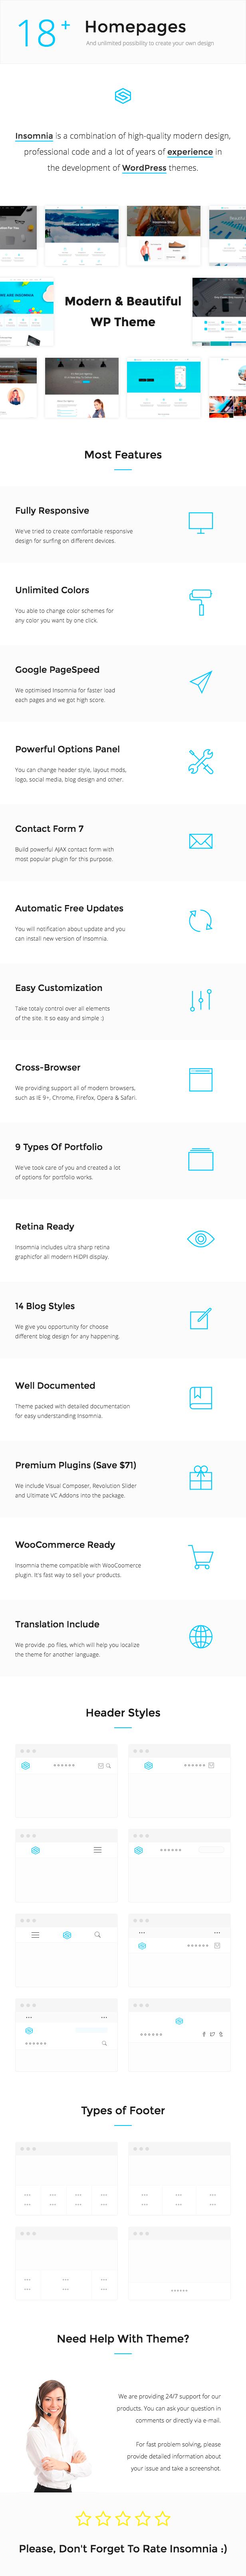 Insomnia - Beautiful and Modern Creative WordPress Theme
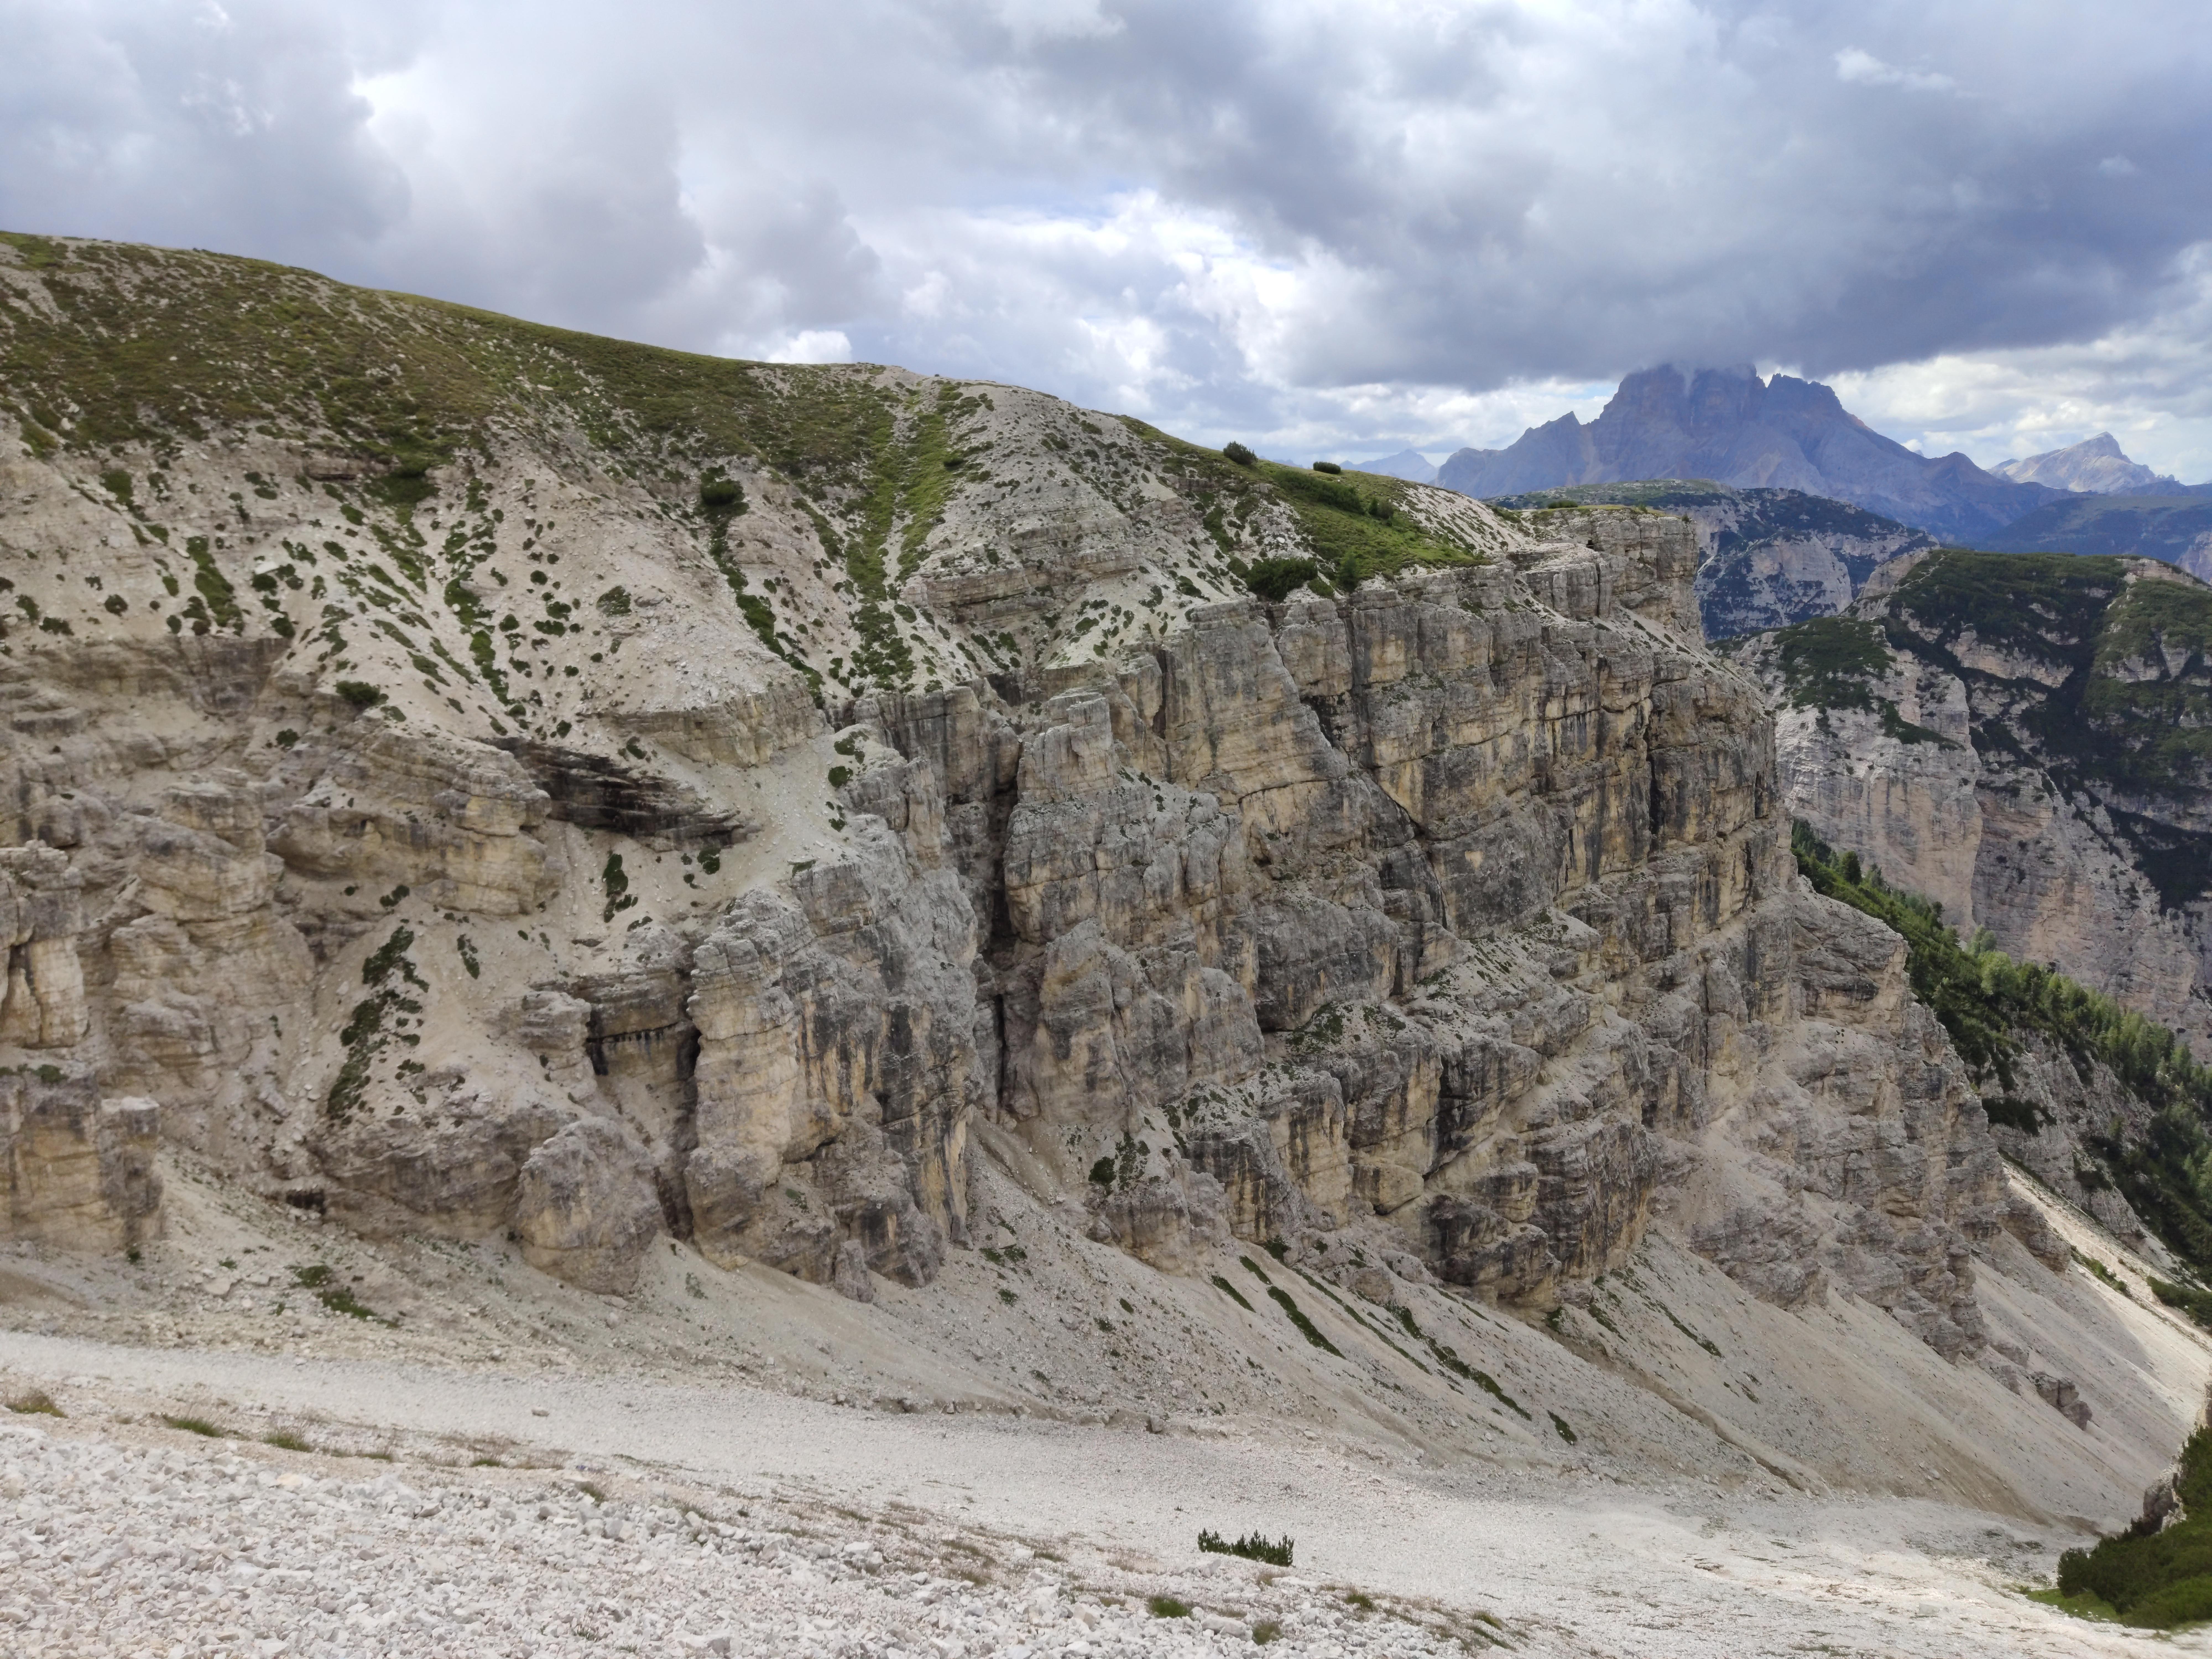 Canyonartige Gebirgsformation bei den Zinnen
---
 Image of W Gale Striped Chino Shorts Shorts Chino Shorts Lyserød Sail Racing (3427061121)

*AIM OF THE EXERCISE*. Starting at the line above with "Insomnia - Beautiful", output every line exactly up to and including the line with "Canyonartige Gebirgsformation bei den Zinnen", but none of the pictures.

*SOLUTION*.
 Insomnia - Beautiful and Modern Creative WordPress Theme
 Canyonartige Gebirgsformation bei den Zinnen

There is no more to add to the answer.